[Data block]
# # # # #

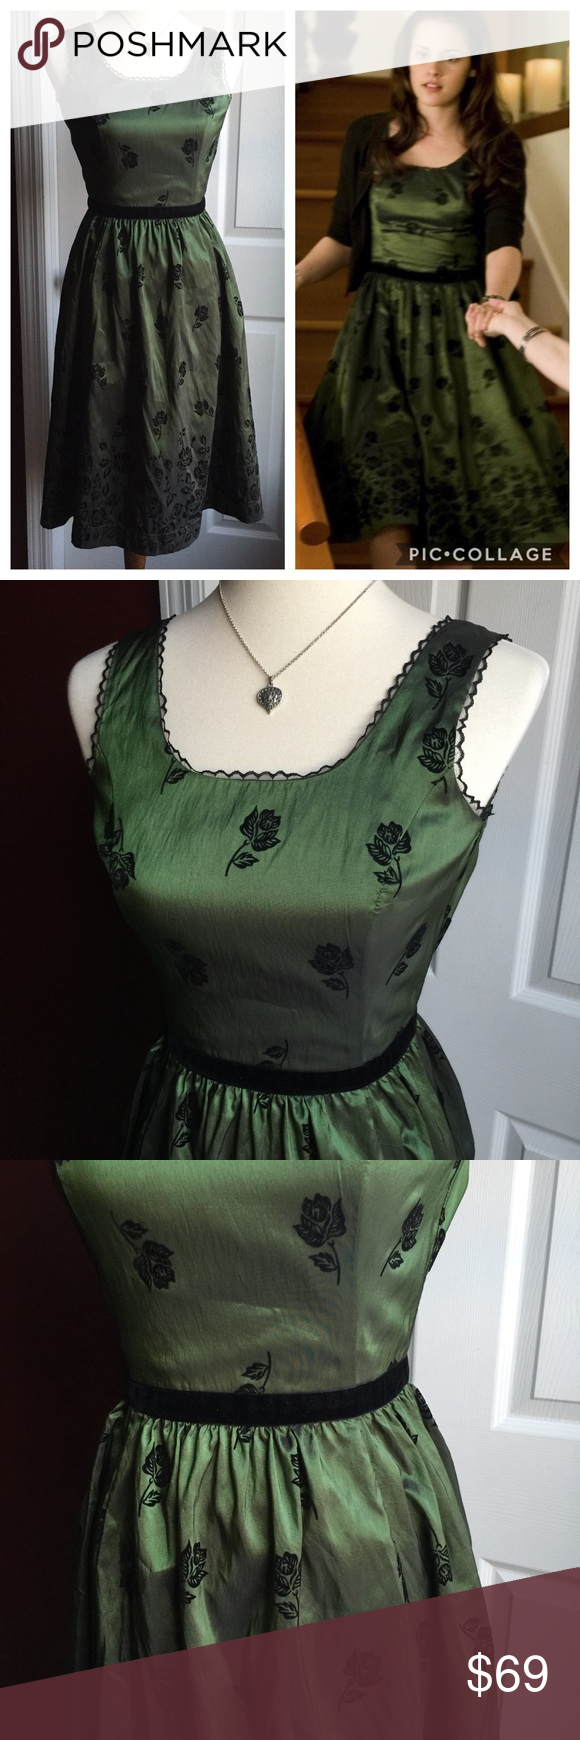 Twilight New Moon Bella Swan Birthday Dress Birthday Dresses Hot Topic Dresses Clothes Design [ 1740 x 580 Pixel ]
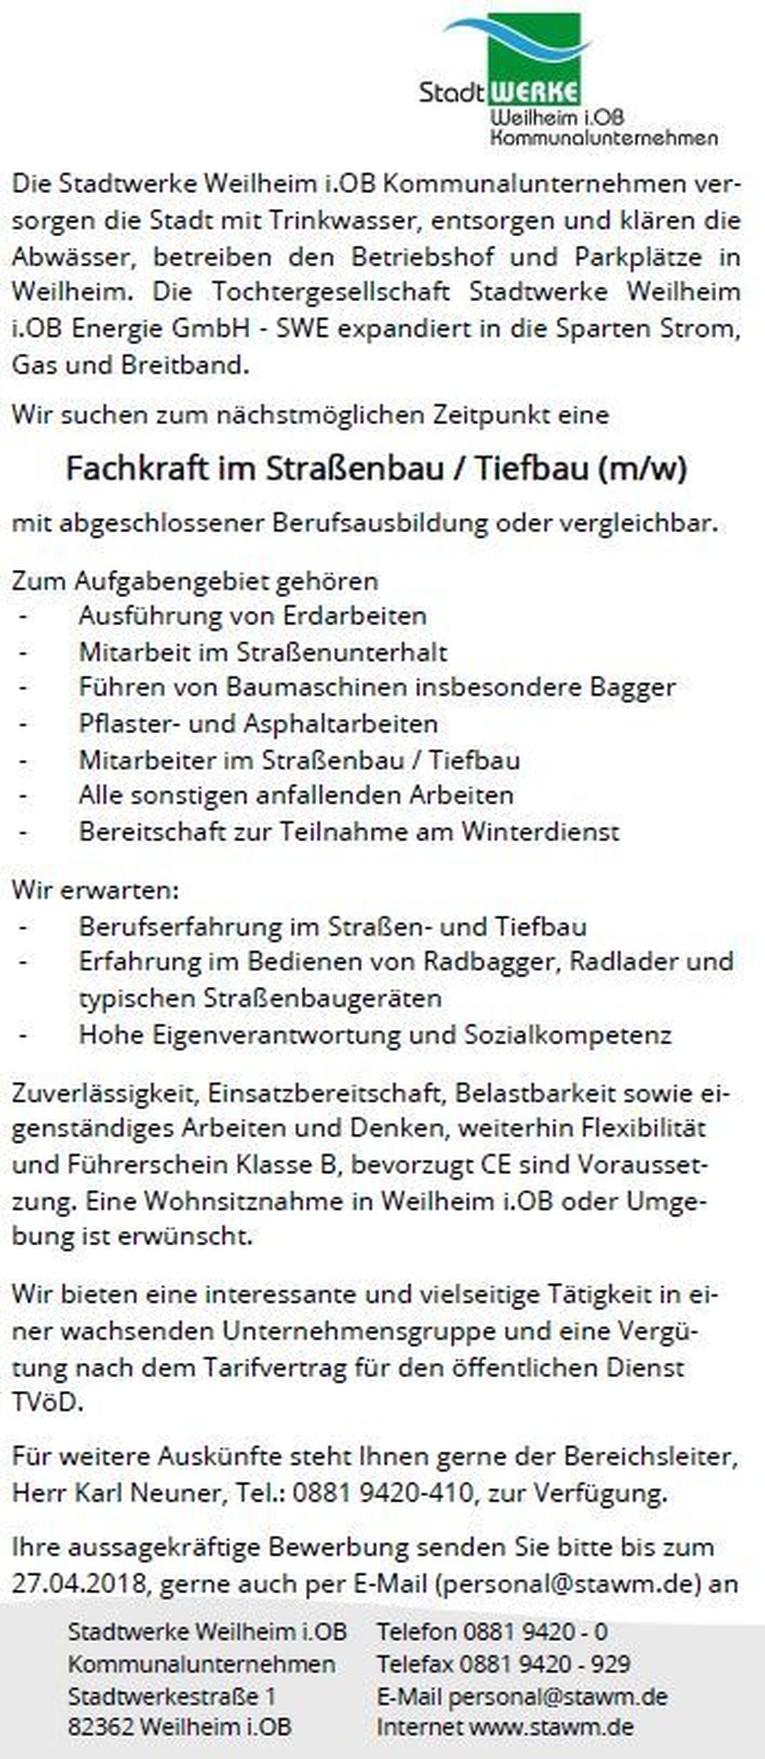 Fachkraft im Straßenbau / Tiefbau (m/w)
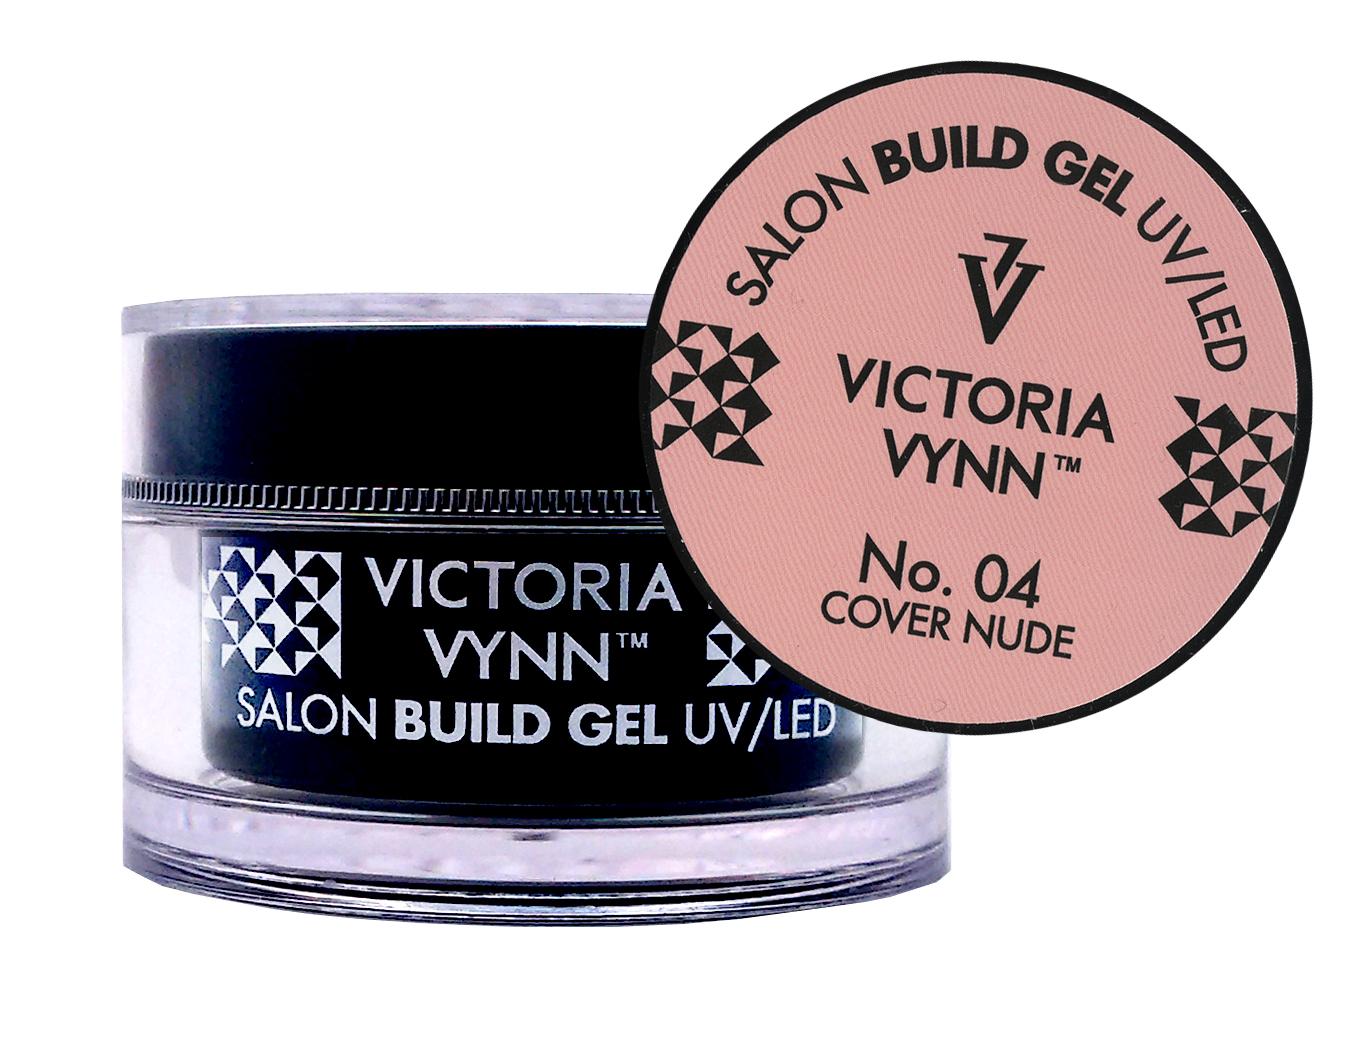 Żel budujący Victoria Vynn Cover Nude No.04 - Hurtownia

# # # # #

[What the task requires] Write out exactly the lines from the line that contains "Fachkraft im Straßenbau / Tiefbau (m/w)" through the end of the material, including both ends. No pictures belong in the copy.

[Exercise response]
 Fachkraft im Straßenbau / Tiefbau (m/w)
 Żel budujący Victoria Vynn Cover Nude No.04 - Hurtownia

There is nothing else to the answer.